An Airflow DAG is defined in a Python file and is composed of the following components: A DAG definition, operators, and operator relationships. The following code snippets show examples of each component out of context:

  1. A DAG definition.

    import datetime
    
    from airflow import models
    default_dag_args = {
        # The start_date describes when a DAG is valid / can be run. Set this to a
        # fixed point in time rather than dynamically, since it is evaluated every
        # time a DAG is parsed. See:
        # https://airflow.apache.org/faq.html#what-s-the-deal-with-start-date
        'start_date': datetime.datetime(2018, 1, 1),
    }
    
    # Define a DAG (directed acyclic graph) of tasks.
    # Any task you create within the context manager is automatically added to the
    # DAG object.
    with models.DAG(
            'composer_sample_simple_greeting',
            schedule_interval=datetime.timedelta(days=1),
            default_args=default_dag_args) as dag:
  2. Operators to describe the work to be done. An instantiation of an operator is called a task.

    from airflow.operators import bash_operator
    from airflow.operators import python_operator
        def greeting():
            import logging
            logging.info('Hello World!')
    
        # An instance of an operator is called a task. In this case, the
        # hello_python task calls the "greeting" Python function.
        hello_python = python_operator.PythonOperator(
            task_id='hello',
            python_callable=greeting)
    
        # Likewise, the goodbye_bash task calls a Bash script.
        goodbye_bash = bash_operator.BashOperator(
            task_id='bye',
            bash_command='echo Goodbye.')
  3. Operator relationships to describe the order in which the work should be completed.
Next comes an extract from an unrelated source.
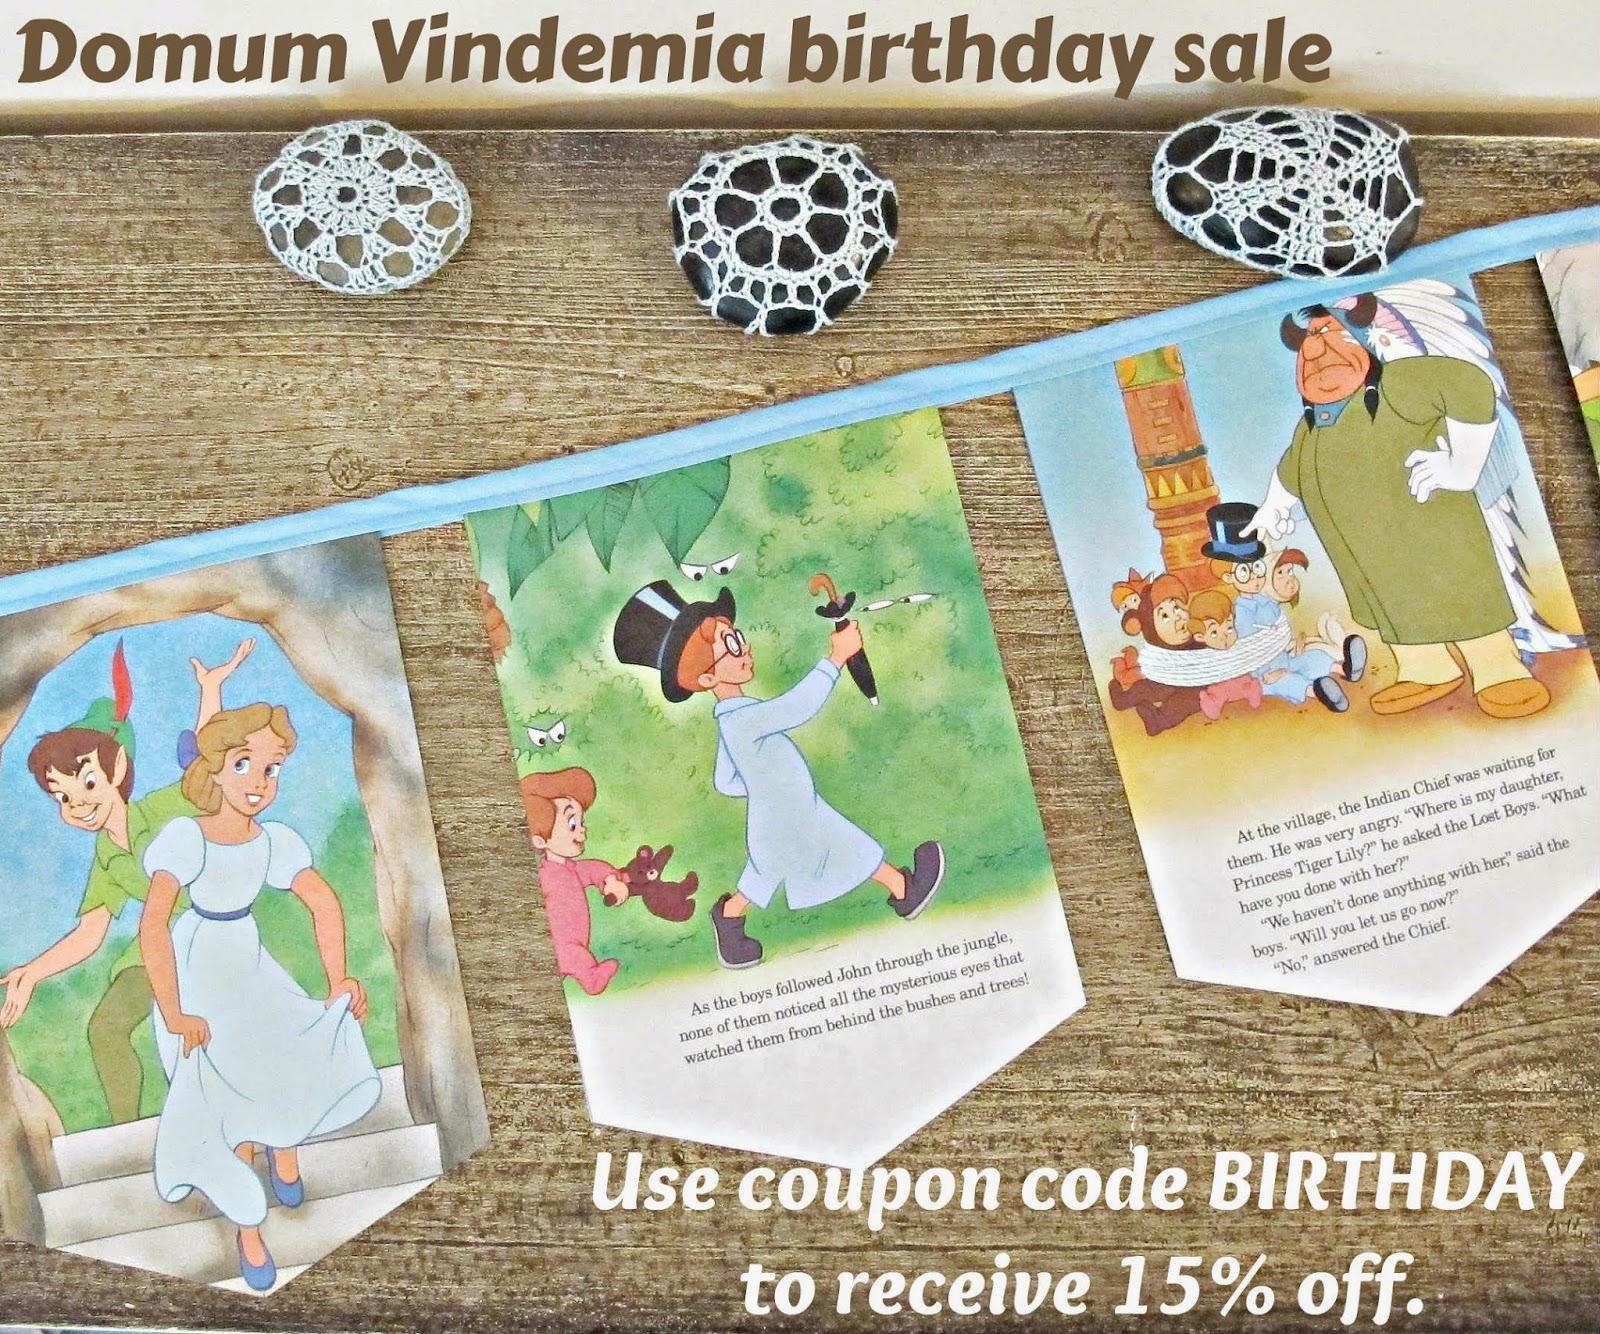 image domum vindemia birthday discount peter pan bunting

    # Define the order in which the tasks complete by using the >> and <<
    # operators. In this example, hello_python executes before goodbye_bash.
    hello_python >> goodbye_bash

The following workflow is a complete working example and is composed of two tasks: a hello_python task and a goodbye_bash task:

from __future__ import print_function

import datetime

from airflow import models
from airflow.operators import bash_operator
from airflow.operators import python_operator


default_dag_args = {
    # The start_date describes when a DAG is valid / can be run. Set this to a
    # fixed point in time rather than dynamically, since it is evaluated every
    # time a DAG is parsed. See:
    # https://airflow.apache.org/faq.html#what-s-the-deal-with-start-date
    'start_date': datetime.datetime(2018, 1, 1),
}

# Define a DAG (directed acyclic graph) of tasks.
# Any task you create within the context manager is automatically added to the
# DAG object.
with models.DAG(
        'composer_sample_simple_greeting',
        schedule_interval=datetime.timedelta(days=1),
        default_args=default_dag_args) as dag:
    def greeting():
        import logging
        logging.info('Hello World!')

    # An instance of an operator is called a task. In this case, the
    # hello_python task calls the "greeting" Python function.
    hello_python = python_operator.PythonOperator(
        task_id='hello',
        python_callable=greeting)

    # Likewise, the goodbye_bash task calls a Bash script.
    goodbye_bash = bash_operator.BashOperator(
        task_id='bye',
        bash_command='echo Goodbye.')

    # Define the order in which the tasks complete by using the >> and <<
    # operators. In this example, hello_python executes before goodbye_bash.
    hello_python >> goodbye_bash

See the Airflow tutorial and Airflow concepts for more information on defining Airflow DAGs.

Operators

The following examples show a few popular Airflow operators. For an authoritative reference of Airflow operators, see the Apache Airflow API Reference or browse the source code of the core and contrib operators.

BashOperator

Use the BashOperator to run command-line programs.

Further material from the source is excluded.